The first thing to do is to stop the growth of risk. OK, there have been mistaken constructions in the past; OK, there have been constructions on river beds. But now is the time to stop. If it continues like this, many more people will die. Man-made disasters need to stop.
Some blame plantations of tea and hazelnut for the landslides.
That’s a wrong diagnosis. When you have the wrong diagnosis, you can’t have a solution. Populist rhetoric gets us away from the solution. I am one of those who talks most about climate change, but if you don’t have the proper settlement plans you will end up with landslides even if you have trees and forests instead of tea.

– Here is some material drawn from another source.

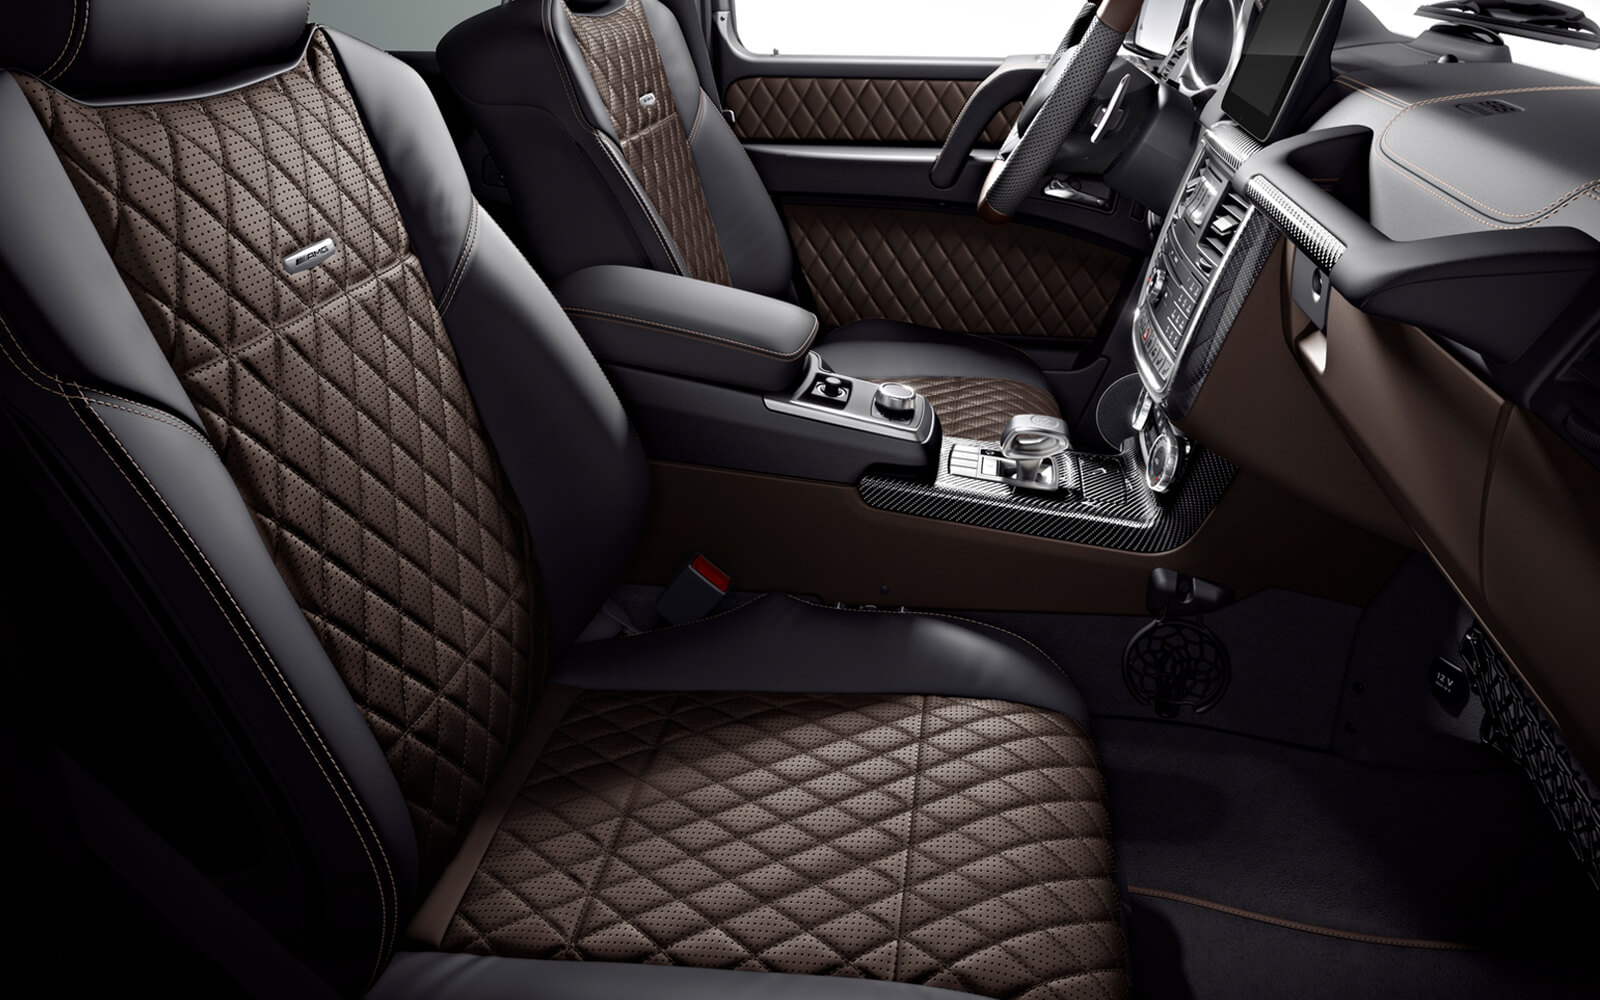 Mercedes-AMG-G63-50th-Anniversary-7
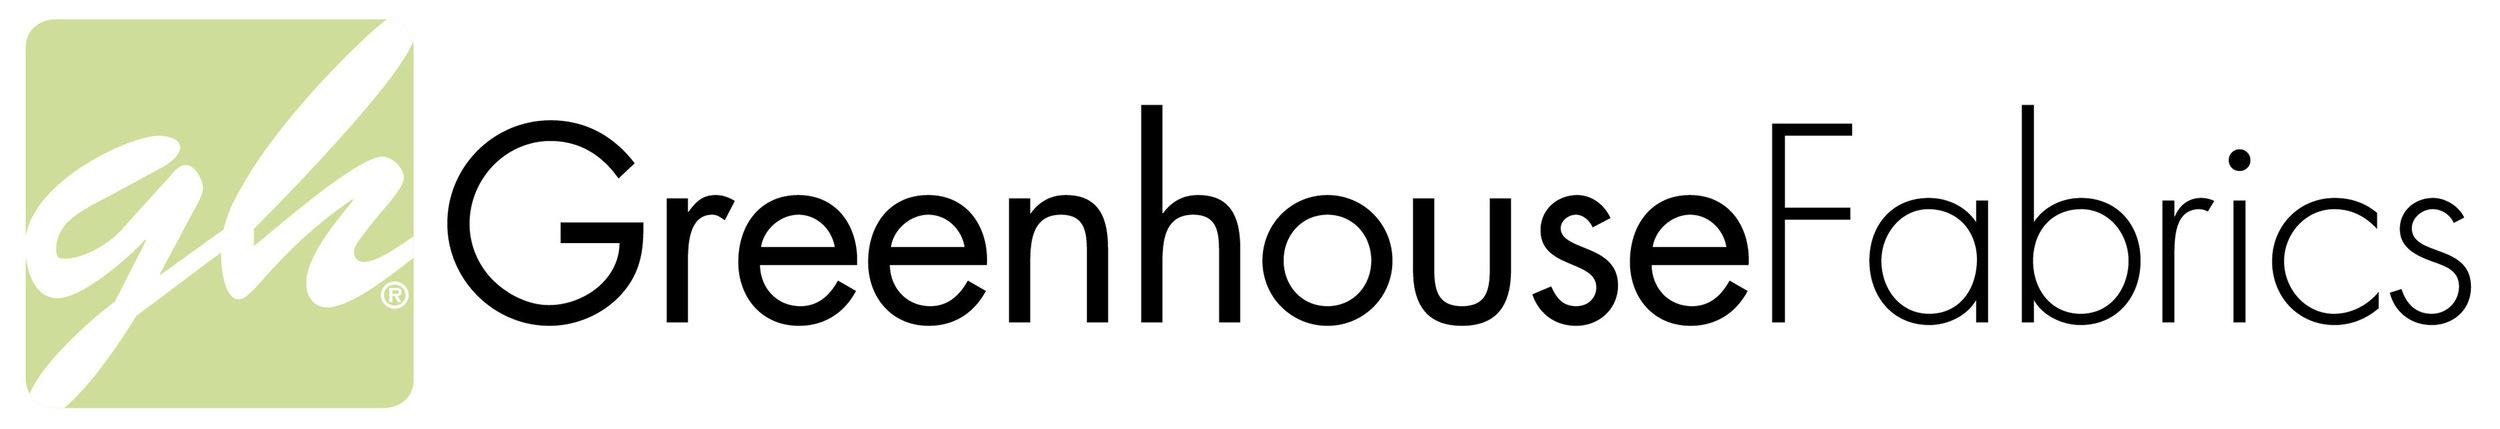 Greenhouse-Fabrics-Logo_14in.jpg

New settlements continue to be constructed in riverbeds. We need to stop that. Not only do we not decrease the risk and get it under control, we can’t even stop the risk from growing. The gap between the work being done and the risk keeps getting bigger.
Who is Mikdat Kadıoğlu?
Professor Mikdat Kadıoğlu graduated from Istanbul Technical University’s (İTU) meteorological engineering department in 1984. He conducted his post graduates studies in atmospheric sciences at the University of Missouri in the United States.
Kadıoğlu has 20 years of experience in the field of the atmospheric sciences and 10 years of experience in the field of disaster management. His studies concentrate mainly on disaster risk management, disaster response planning, hydro-meteorological disasters and climate change. He is currently chairman of the Disaster Management Center and Meteorological Engineering Department at İTÜ.